É na articulação entre Zumbi, o movimento negro e “grupos esquerdizantes da sociedade” que o artigo de Chrispino mais chama atenção, contudo. O professor e jornalista afirma que o movimento negro cria “cada vez mais a separação social que interessa apenas à política esquerdizante, que busca levar nossa pátria a um viés que difere completamente do verdadeiro brasileiro”, cuja índole é definida como “amistosa, pacata, alegre, festeira dentro deste amálgama que é a nossa gente miscigenada”
São noções que, segundo Santos, recuperam ao pé da letra a visão do Estado brasileiro do final da Primeira República.
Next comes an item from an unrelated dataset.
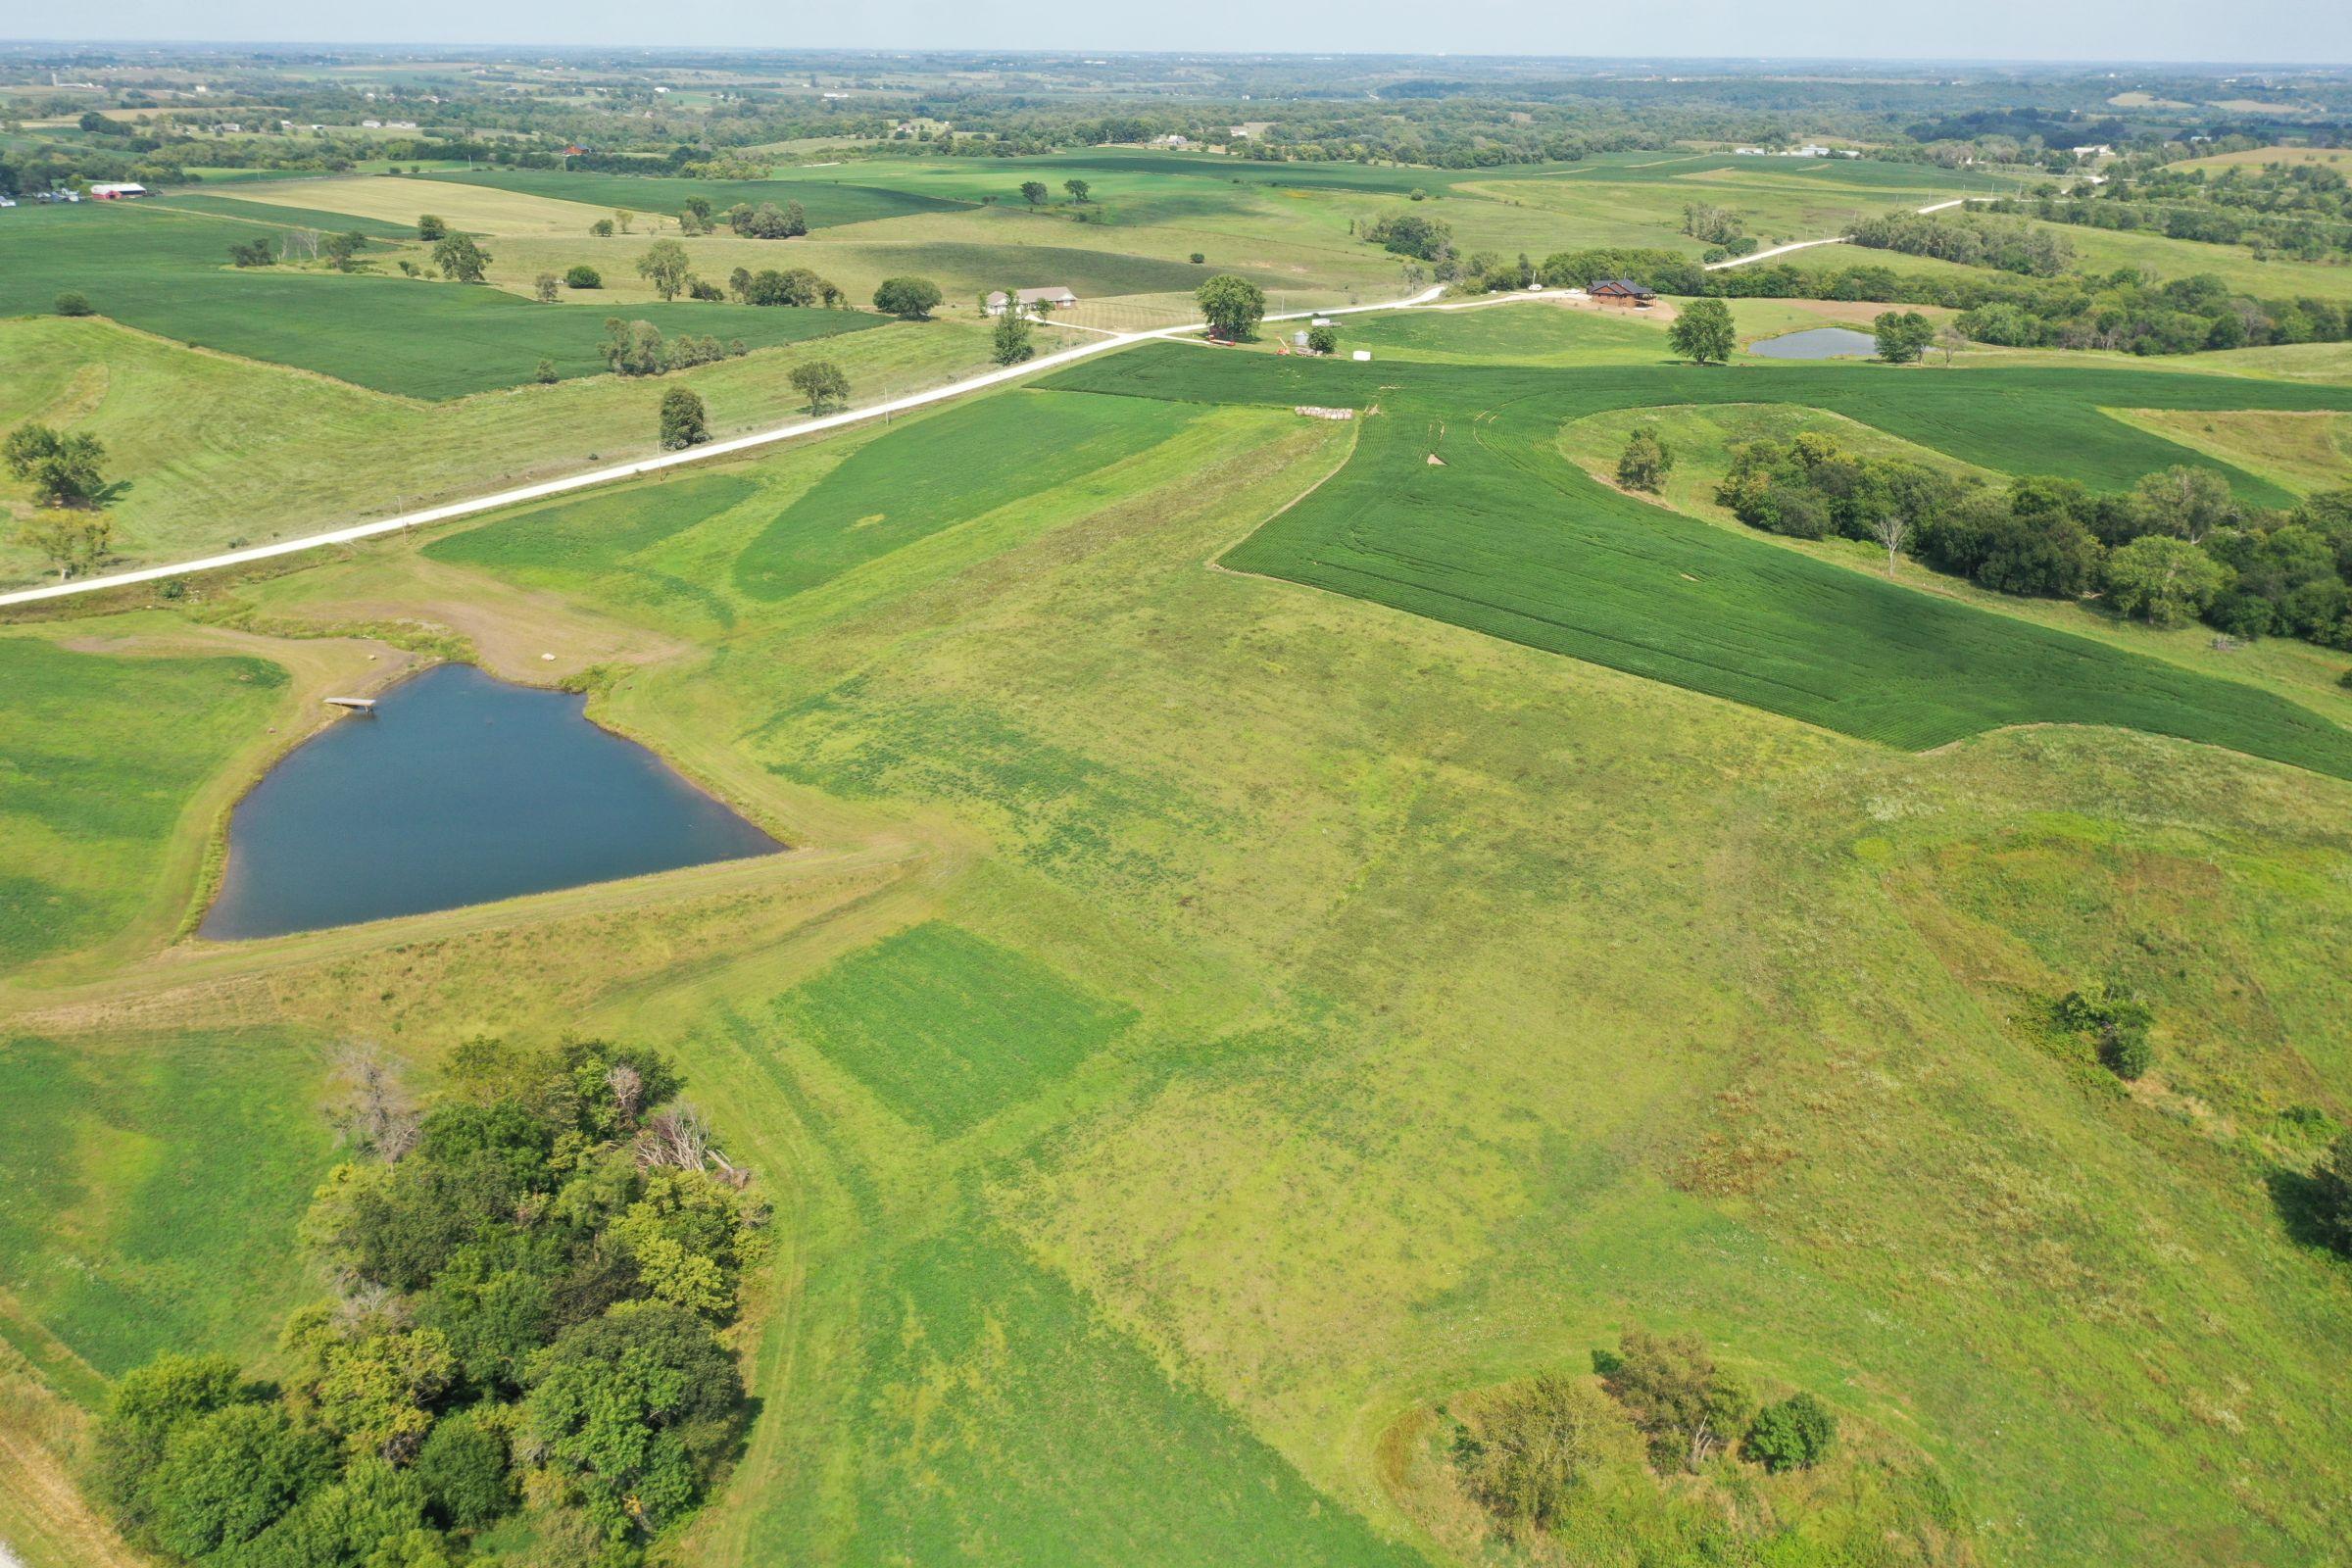 land-warren-county-iowa-8-acres-listing-number-15696-4-2021-08-24-222437.JPG

Então, a tensão racial foi minimizada com a introdução do mito da democracia racial, que dita que os três antepassados do povo brasileiro, portugueses, negros e indígenas, contribuíram para criar a identidade nacional. Com isso, afirma a historiadora, some o conflito. “O que eles fazem é recuperar uma ideia de Brasil que parte do pressuposto que a desigualdade é só socioeconômica.”
A visão ajuda a explicar ainda porque Luís Gama aparece como uma alternativa a Zumbi entre os artigos da Fundação Palmares. Ou porque Sérgio Camargo sugeriu, numa enquete do Twitter na semana passada, mudar o nome da Fundação Palmares para o do engenheiro André Rebouças, outro abolicionista, ou o escritor Machado de Assis – embora Camargo tenha garantido que não há nenhum projeto nesse sentido no momento.
“É óbvio que são nomes importantes. Mas eles ascenderam socialmente, circulavam entre a intelectualidade branca – e estão historicamente apartados da herança africana”, diz Ynaê. Segundo ela, há indícios de que o quilombo de Palmares reconstruía certos aspectos das sociedades daquele continente.
“Isso só reforça a necessidade de continuarmos falando de Palmares e de Zumbi – um escravizado fugido que lutou no fronte contra o sistema. O que não significa não falar desses outros homens”, agrega a historiadora. Presidenta municipal da Unegro (entidade antirracista), Fernanda de Paula diz encarar a publicação dos textos pela Fundação como um modo de desviar a atenção de questões que afligem diretamente a população negra, como o combate à pandemia.
Já o cartunista Marcelo D’Salete, autor de uma graphic novel que narra a história do quilombo de Palmares, Angola Janga, diz que os textos estão em consonância com o alinhamento da Fundação ao atual governo, que vem desconsiderando uma série de batalhas históricas, não só dos negros. “Esse grupo recusa a realidade de injustiça que impulsiona essas lutas. Eles buscam reescrever e afirmar uma narrativa própria para sua legitimação”, afirma o quadrinista.
“Penso que o chefe da Fundação Palmares está transformando em guerra ideológica o que é exercício de história”, afirma Lilia Schwarcz. “Vivemos nesse momento de grande retrocesso da democracia, quando sempre acontece essa tentativa de manipular a história. Mas a história não é uma bula de remédio. Não é cloroquina.”